DETAILS
TRACKS
Side A
- flank
- stained & lit
- braindead
- smokey mtn dbl dip
Side B
- cillamange
- ball
- lather
- rusted water
Side C
- gorshin
- dowser
- comes
- roses
Side D
- make you gone
- pity
- lather (acme sessions)
- intro (single version)
RELEASE DATE
11/06/2015
In 1993 Red Red Meat released its first record for legendary Seattle label Sub Pop, Jimmywine Majestic. Building on the grungy roots of the band’s self-titled debut, the second album was more confident and refined, with songwriter Tim Rutili’s impressionistic lyrics hovering over twangy steel guitars, thick fuzzbox riffs, and barroom drums.
Produced by Brad Wood (Liz Phair, That Dog, Sunny Day Real Estate), the record finds the band (Rutili, Brian Deck, Glenn Girard, and Tim Hurley) moving away from the thrashing noise of the first record into more nuanced territory, maintaining its menacing swagger but injecting more space into songs like Moon Calf Tripe and Lather, swinging harder on opener Flank and the anthemic Ball, and pushing into blues and reconfigured roots rock with Dowser and Comes.
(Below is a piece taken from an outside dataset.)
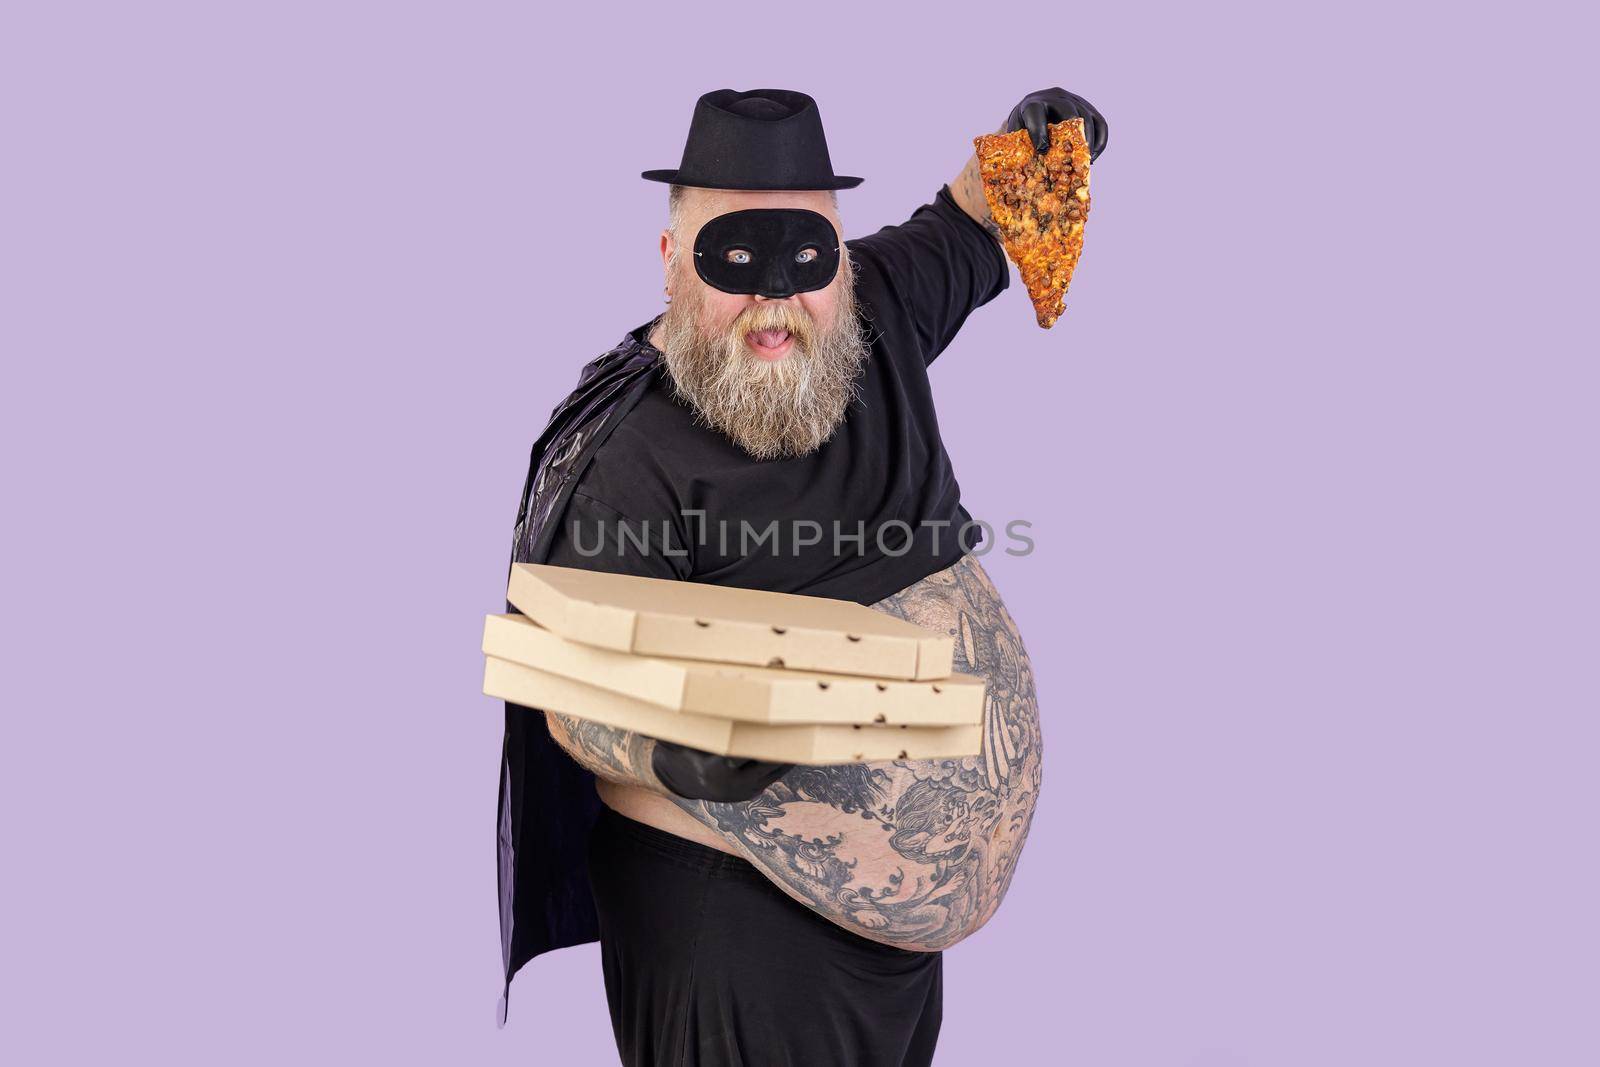 Funny plump man in hero suit holds boxes and pizza slice on purple background by Yaroslav_astakhov
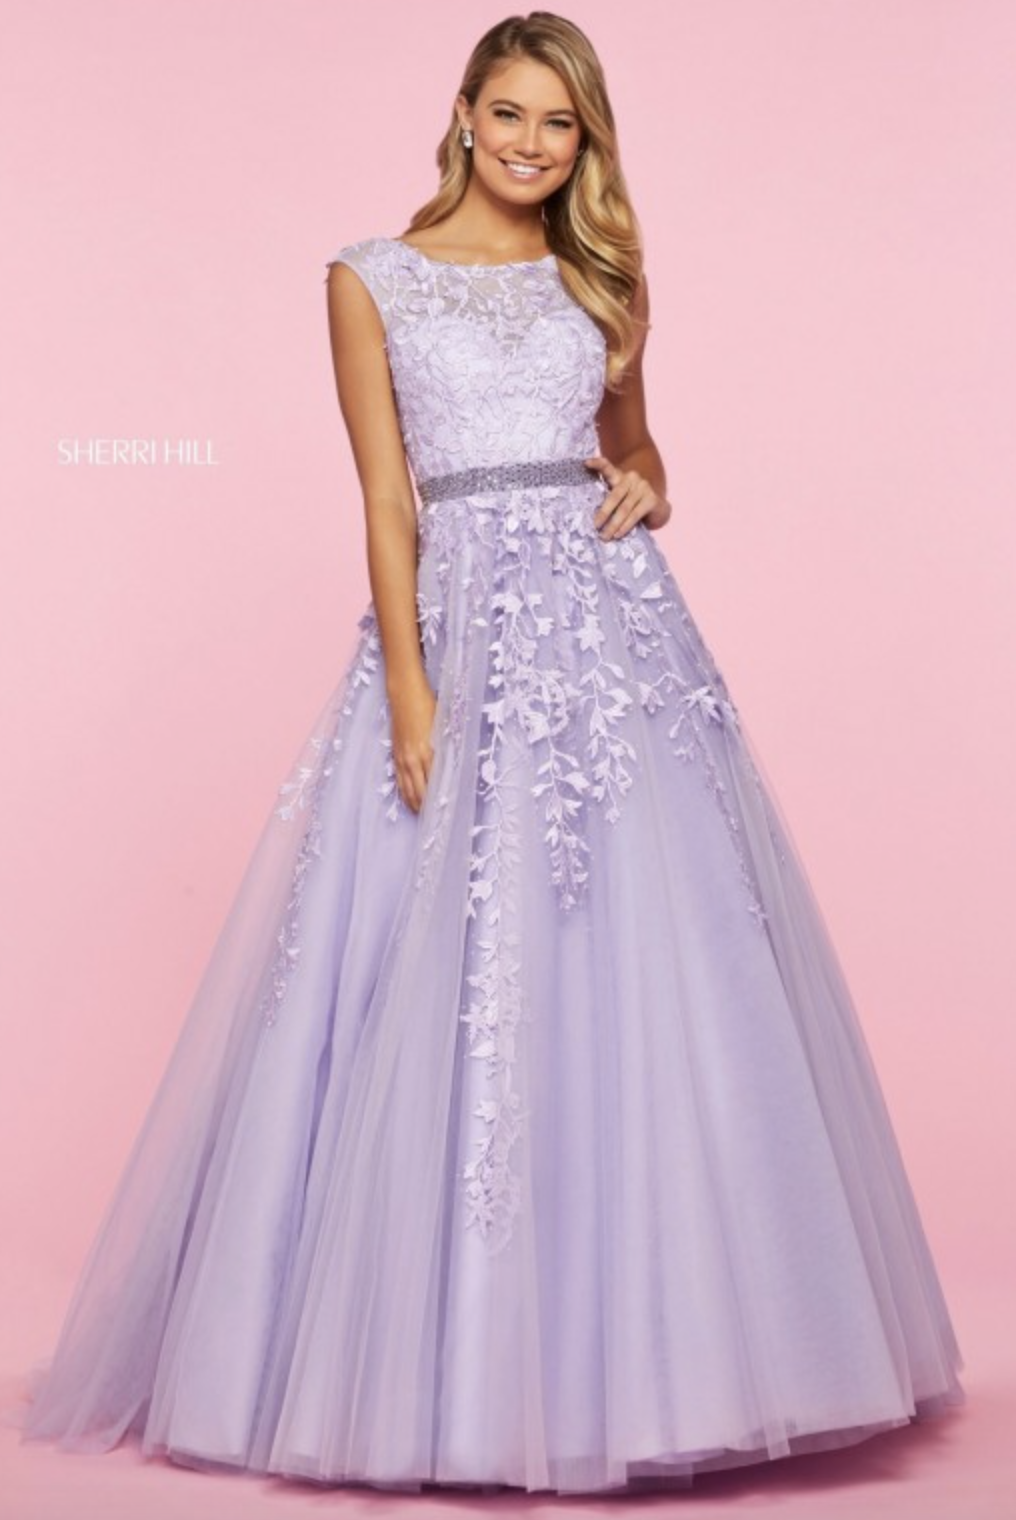 Top Modest Prom Dresses of 2021

Much of the album’s classic feel was informed by bands like the Rolling Stones and the Faces, a “favorite kind of music for Tim Rutilli,” says drummer and organist Brian Deck. “It was his writing that pulled things in that direction, and it was probably his writing and ambition to be different from that that ultimately drove [the band] toward being esoteric and experimental,” eventually morphing into Califone in the late ‘90s.
Informed by classic rock and blues, the album also benefits from Deck’s musical training and approach. While Red Red Meat’s other efforts, their self-titled debut in 1992, 1995’s Bunny Gets Paid, and 1996’s There’s A Star Above the Manager Tonight found Deck splitting his focus between production and performance, the drummer focused on Jimmywine Majestic from a player’s perspective. The record was the work of an invigorated, young, and hungry band.
“I remember [the album] mattering more to me than anything else in the world when we were doing it,” Deck says. “It’s a sensation that you have as a young artist. You tend to not have that the older you get. But it was the most important thing that had ever happened to me in my life when we were working on it. That was an awesome thing.”